A Blue Cross Blue Shield analysis of insurance records from 2014 to 2023 found that about half of those prescribed a GLP-1 agonist stopped taking it within 12 weeks. Clinical data show that patients often regain weight after discontinuing use.
While pharmaceutical companies and academic scientists are currently working on new and improved formulations of GLP-1 agonists with more targeted benefits and fewer side effects, Grigson says more data are needed and it’s important to avoid off-label use of existing GLP-1 agonists while the research is being done.
“We have a lot of work to do, and we do need the support of the NIH [National Institutes of Health] and sometimes pharmaceutical companies in order to get the testing done,” she says.
Yammine, who conducted a pilot study for use of GLP-1 agonist medication for smoking cessation, adds that, though the results were promising, they are preliminary and need to be validated in larger randomized clinical trials.
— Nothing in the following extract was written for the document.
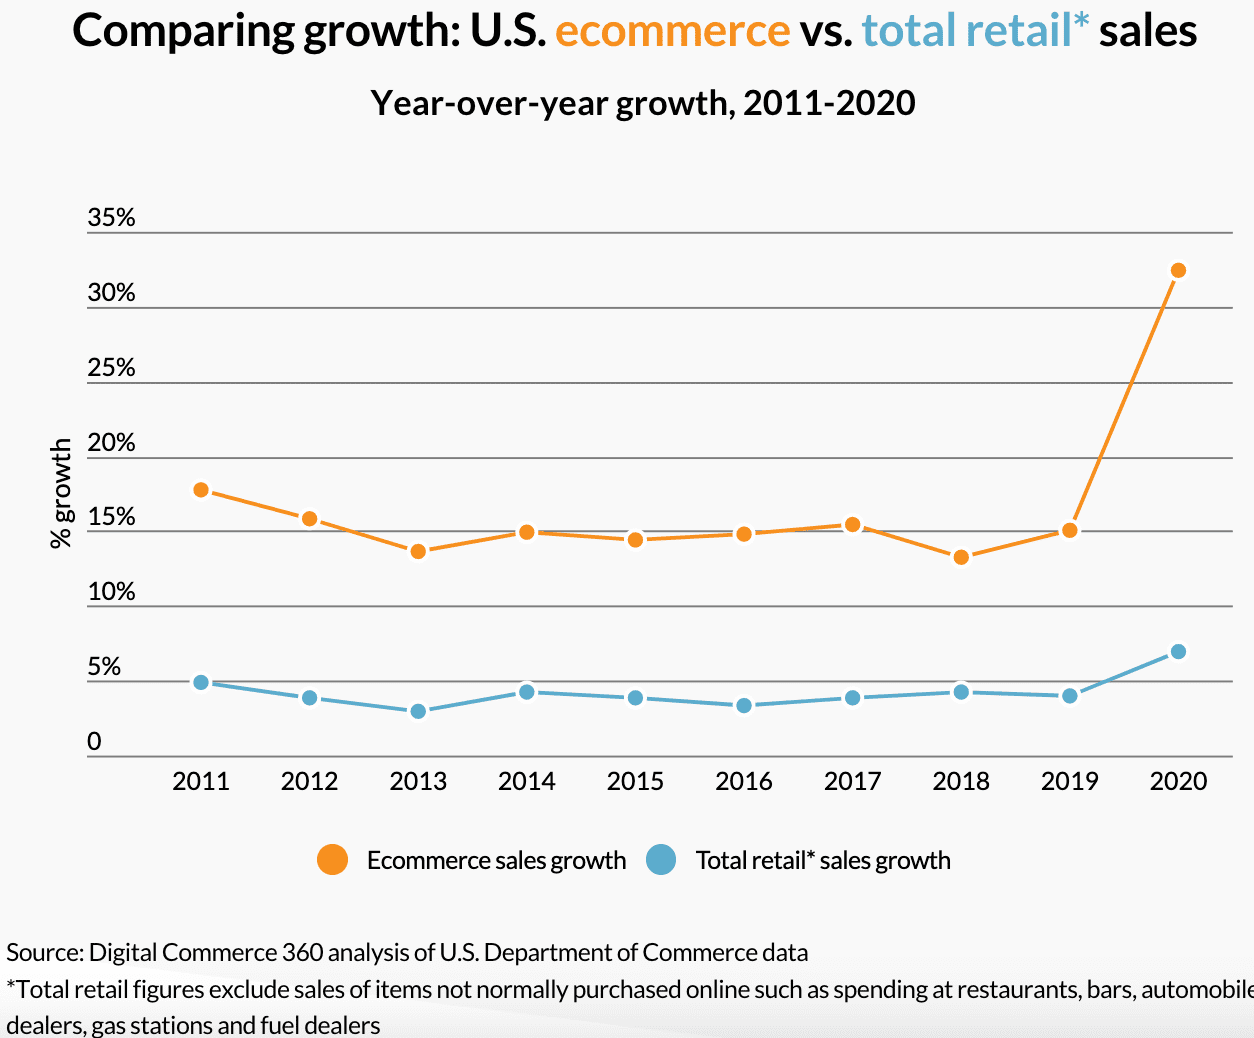 eCommerce sales growth in the USA

Another issue is that participants in her studies are people who have prediabetes or are overweight or obese, so the results may not be generalizable to people without these conditions.
But for a condition as widespread and devastating as addiction, Yammine is eager to help put an additional tool in the treatment toolbox.
“These medications can make a huge deal of difference in the treatment of addiction if they show efficacy,” Yammine says. “That’s our hope; that is why we are doing the research that we are doing.”